MANCHESTER, NH – Emotions ran high Monday in a courtroom packed with relatives of a city man hacked to death with a machete wielded by a spurned lover in the summer of 2021 at a Bedford motel.

Theodore L. Luckey, 42, formerly of Asbury, N.J., pleaded guilty in Hillsborough County Superior Court Northern District to two counts of first-degree murder for killing the two men he had had intimate relationships with.  He killed Nathan Cashman, 28, of Manchester, who died from more than 120 chopping wounds from a machete, in the lobby of the Country Inn and Suites in Bedford, and strangled David Hanford, 60, of Seaside Heights N.J., in a third-floor room at the same hotel.

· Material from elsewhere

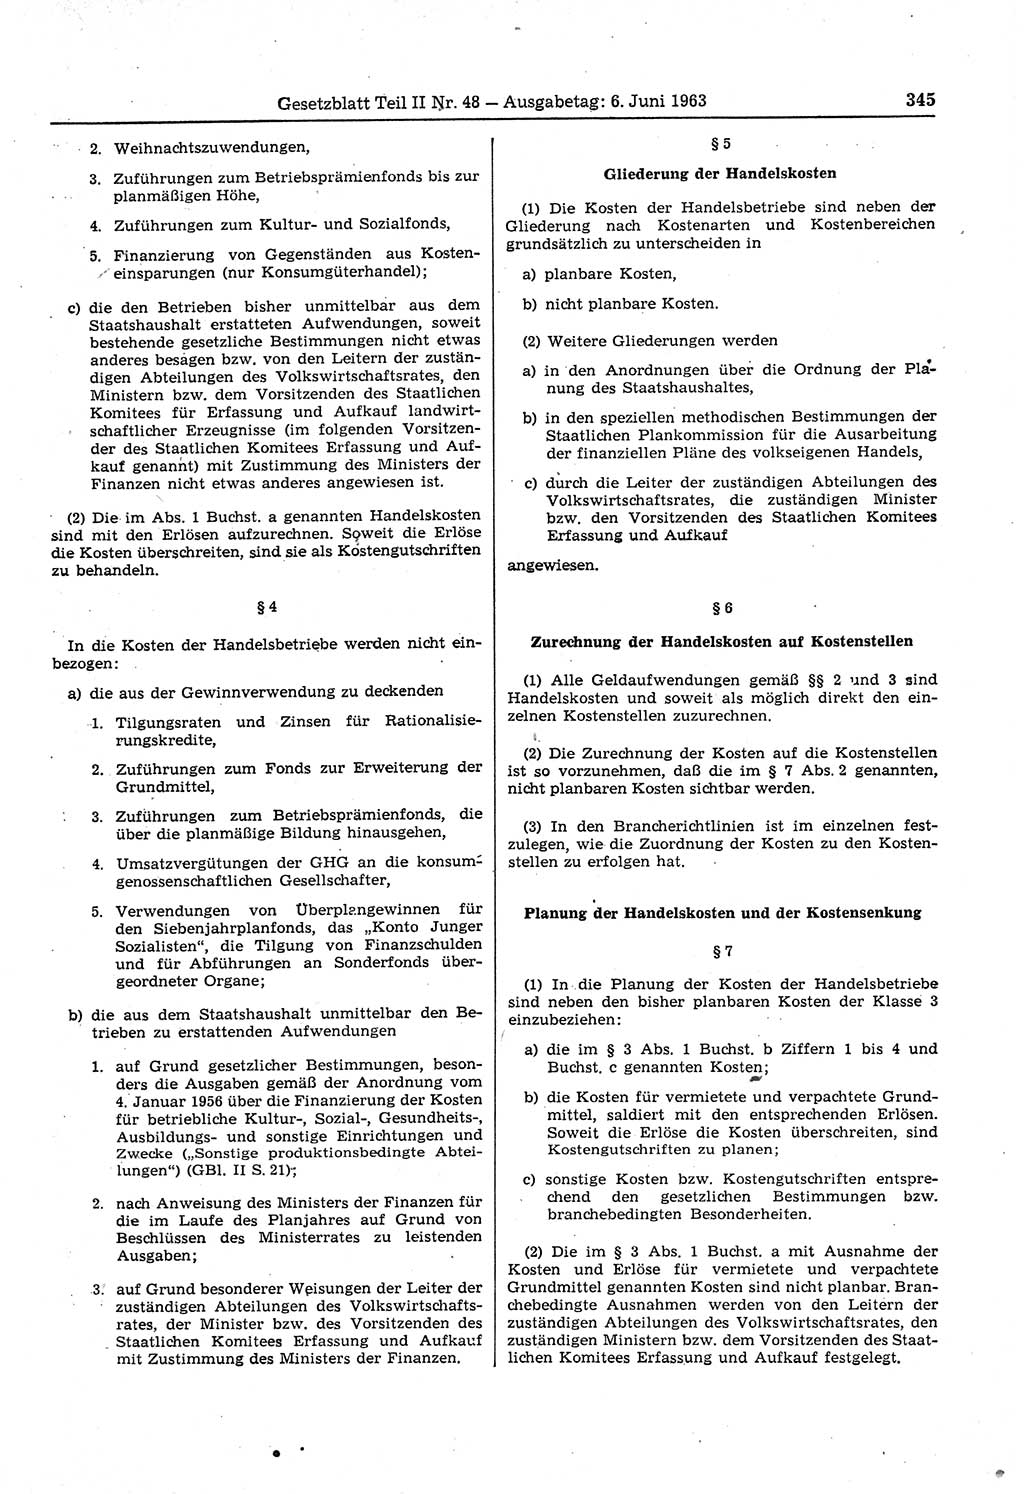 Gesetzblatt (GBl.) der Deutschen Demokratischen Republik (DDR) Teil ⅠⅠ 1963, Seite 345 (GBl. DDR ⅠⅠ 1963, S. 345)

Luckey told Judge N. William Delker he was taking full responsibility for his actions that day.

Hours after the hearing began, during which a prosecutor gave details of the murder, Delker sentenced Luckey to mandatory life in prison without the chance of parole. Cashman’s family members erupted in applause. Luckey, in turn, blew them a kiss as he was led out of the courtroom.

Prior to Luckey’s sentencing, family members spoke about Cashman who they described as a kind man.  They called Luckey a monster, a scumbag and someone who should never have been born.

“You’re a coward for killing my cousin,” one woman yelled out as Luckey was taken out of the courtroom during a lunch break.

Eileen Cashman, Cashman’s grandmother, asked him, “Who do you think you are?”  Her grandson’s death certificate indicated his cause of death was multiple machete wounds, she said.  “That’s a very cruel man who does that.”

One cousin wished him “misery and unhappiness for the rest of his life” while another family member said he was a pathetic excuse for a human being.

“This world is better off without you in it because no one would miss you,” his father and aunt said in a joint statement that a victim/witness advocate read.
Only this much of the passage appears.